I've been thinking about just this lately. I have an idea for a side project I want to kick-off, which will be mainly for A. to scratch an itch of my own, and B. learning. So I'm looking at it as a chance to just pick something and run with it.

For backend code, I'll almost certainly stick with Grails, but for the client side, I'm waffling between Angular and React.

Why Grails? It's what I know and like, and it works well. I can be productive with it, and I have something of an interest in promoting its use. I'm think that if I do some cool project using, say, React + Grails, that might turn into a cool talk for the local Groovy + Grails Meetup, etc.

Why Angular or React? Both are pretty modern, pretty popular, and claim to offer some real productivity boost compared to rolling everything by hand. Both seem to have plenty of traction and mindshare, and learning resources are available. I guess the same could be said of Ember and some others, but I kinda feel like the future right now is either React or Angular.

A third option would be to go with either Meteor or Node for the entire stack. And I am interested in learning both of those platforms, but not quite as willing to invest time and energy in them right this minute.

Node.js + Express on the backend. React.js, Flux, Bootstrap on the frontend.
Similar to mine: Node.js/Express.js/MongoDB (backend); Stylus/Jade/jQuery/Webpack (frontend)

Cannot think of a faster way to get from 0 to 1.0.

Off topic, but I can't believe how many people are using "Laravel". It is probably the most bloated PHP framework in existence. [Serious, Not trolling]
There's nothing inherently wrong with using a full-featured framework like Laravel or Rails. It saves time, and backend performance is not always a dealbreaker (small projects, caching, etc).

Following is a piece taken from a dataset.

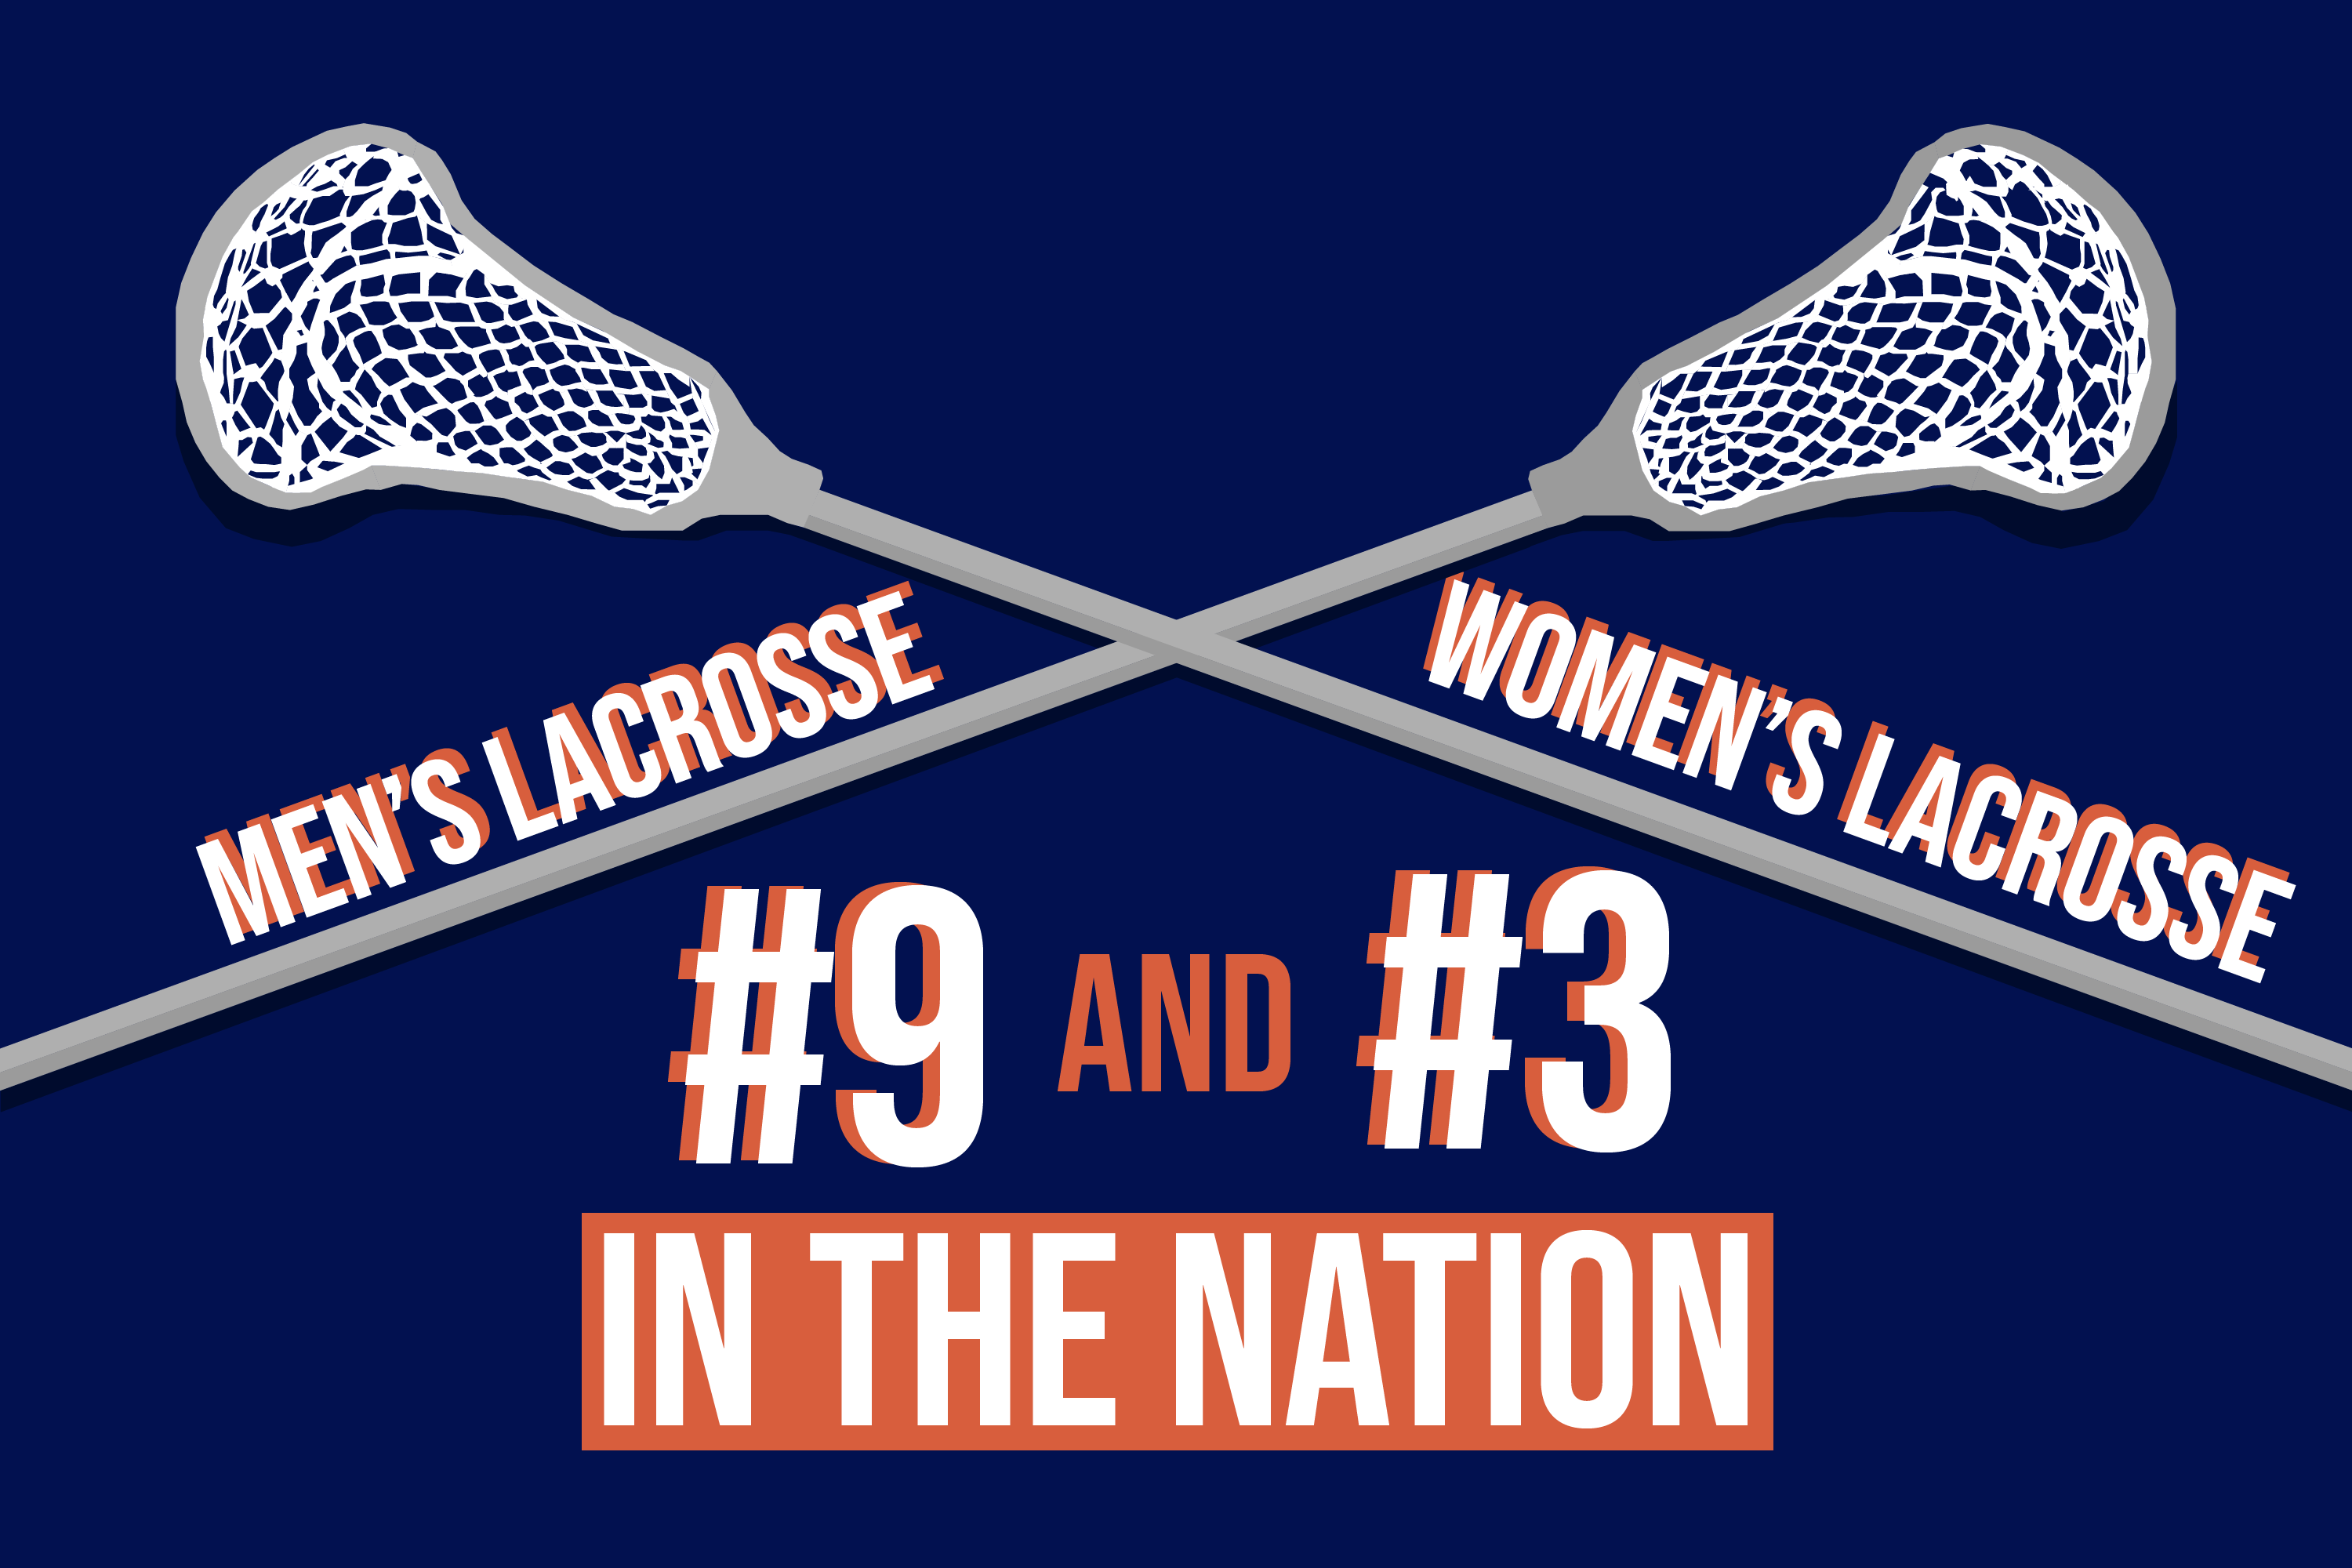 Graphic: SU men's lacrosse ranked #9 and women's lacrosse #3 nationally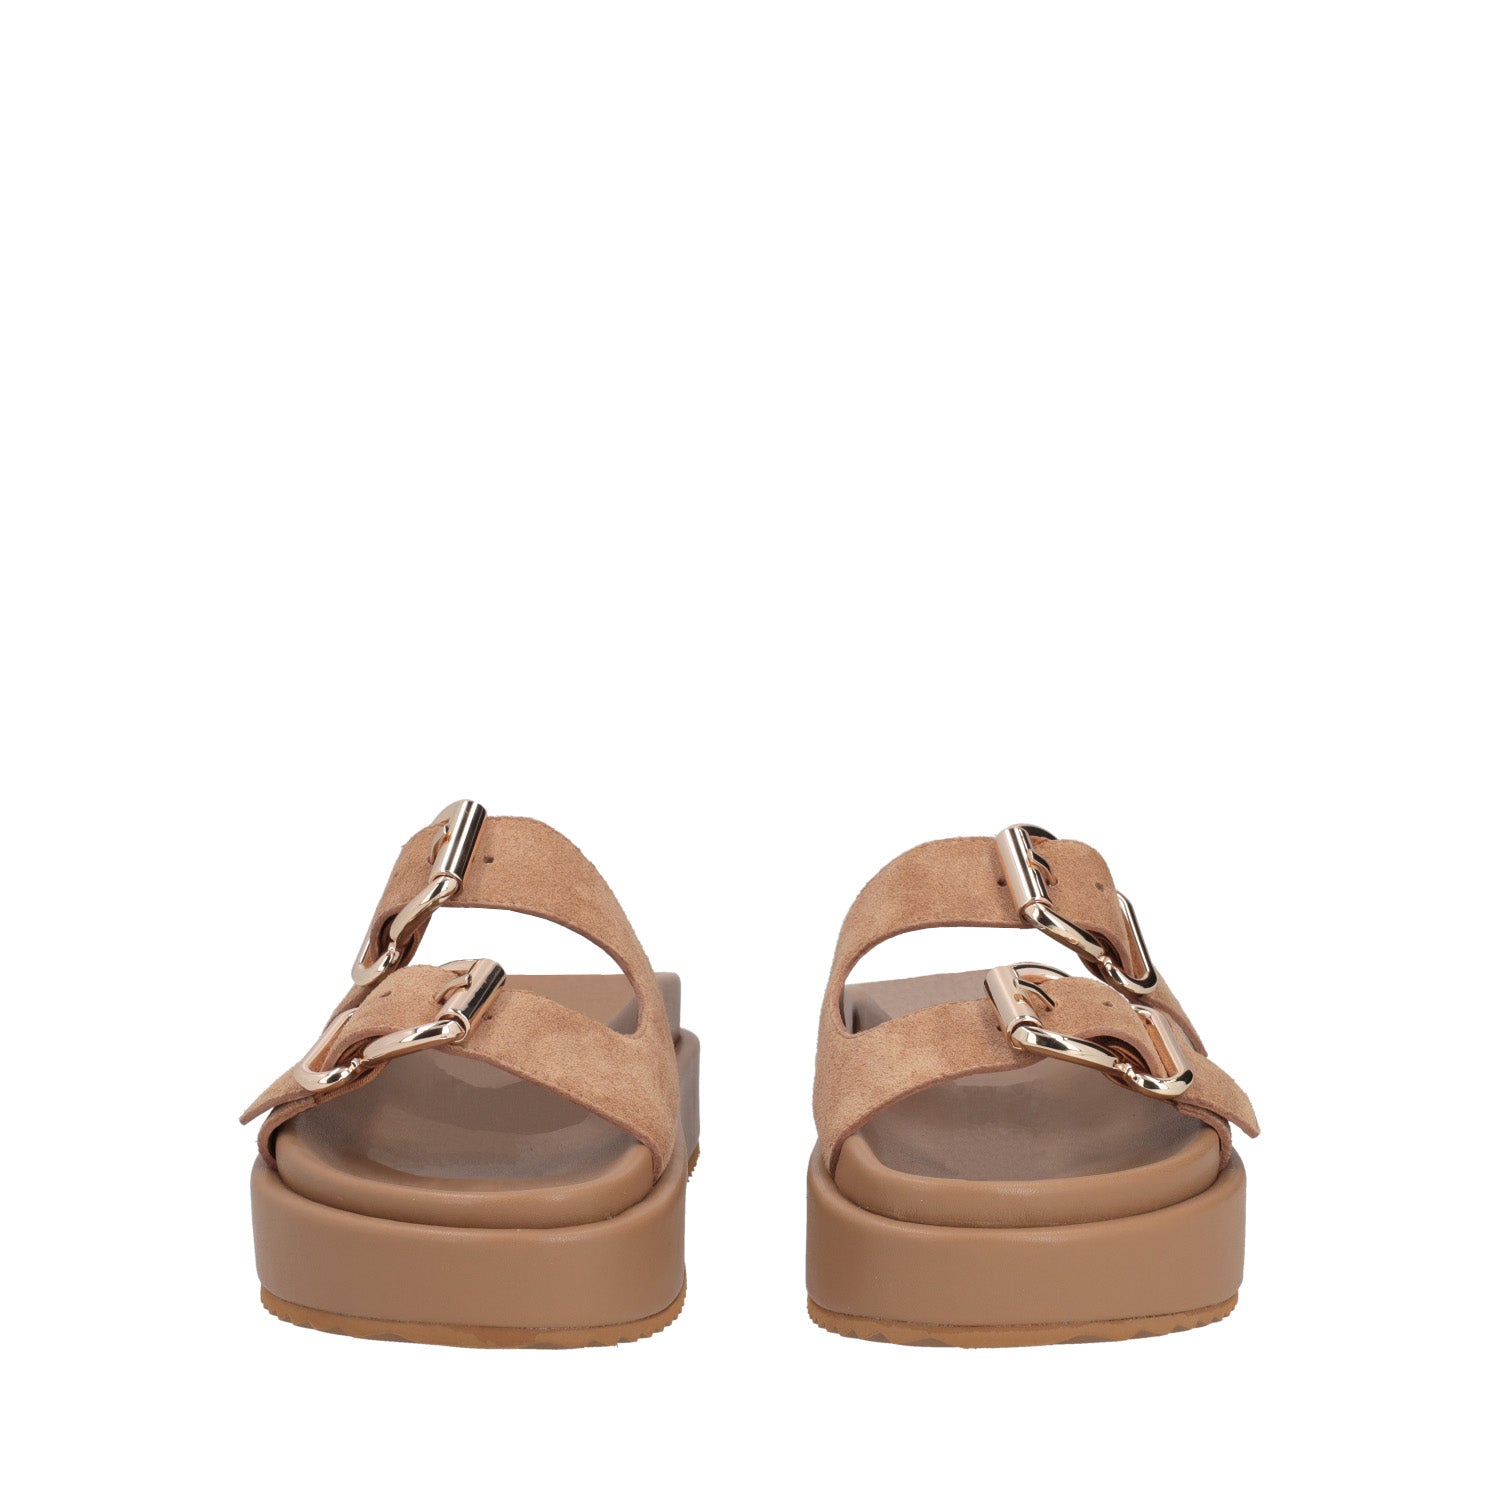 TAN MARGARET SLIPPERS IN SUEDE LEATHER

Besides, is there a good PHP micro-framework comparable to say Flask? I've tried a couple and it was not worth my time. Flask is useful because it's well architected for its purpose, has a big helpful community, lots of extensions, extensive documentation, etc.

Like someone else said here, Flask with SQLAlchemy and a few Flask-* extensions will give any full featured framework a run for its money, not so with any PHP microframework that I know of.

(comment deleted)
TL,DR: Node, Erlang, React, Flocks.JS, MySQL, and CloudFront.

For the frontend, I am writing a routable, cached SPA in React and d3, orchestrated with Flocks, stored in S3 and fronted with CloudFront, generated by Node, backed with MySQL (because it has semi-mature clustering.)

For the backend, I use a custom Erlang stack built on htstub and emysql.

The build process is orchestrated with gulp, uses eslint, vows, karma, and jsverify for testing, travis ci for CI/CD, and deploys automatically on full test passing. (I have extensive test coverage.)

I can use remarkably few tools to get the results I want. I am happy with the stack.

I have an alternative approach to handling multiple interfaces, as a replacement for responsive. I don't use media queries to do that. Instead I have a top level React layout control, and which top level control is invoked is based on the client. The same goal is suited, but it isn't jury rigged through CSS.

Backend: NodeJS, Express

Front: AngularJS, Zurb Foundation, Compass, Sass, Font Awesome, Google Web Fonts

Popping back in the thread to say "thank you" to everyone who contributed so far - this has given me a lot to research and think about.

From a product management perspective, Laravel is tempting - I certainly get that it could seem bloated, but some of that seems quite useful for getting to MVP quickly - the user auth and billing especially.

I'm considering Postgres / Laravel / Bootstrap (already have a clickable HTML prototype underway) to be replaced by Angular post-MVP, but I'll probably noodle on that last bit some more when the time comes to make that call.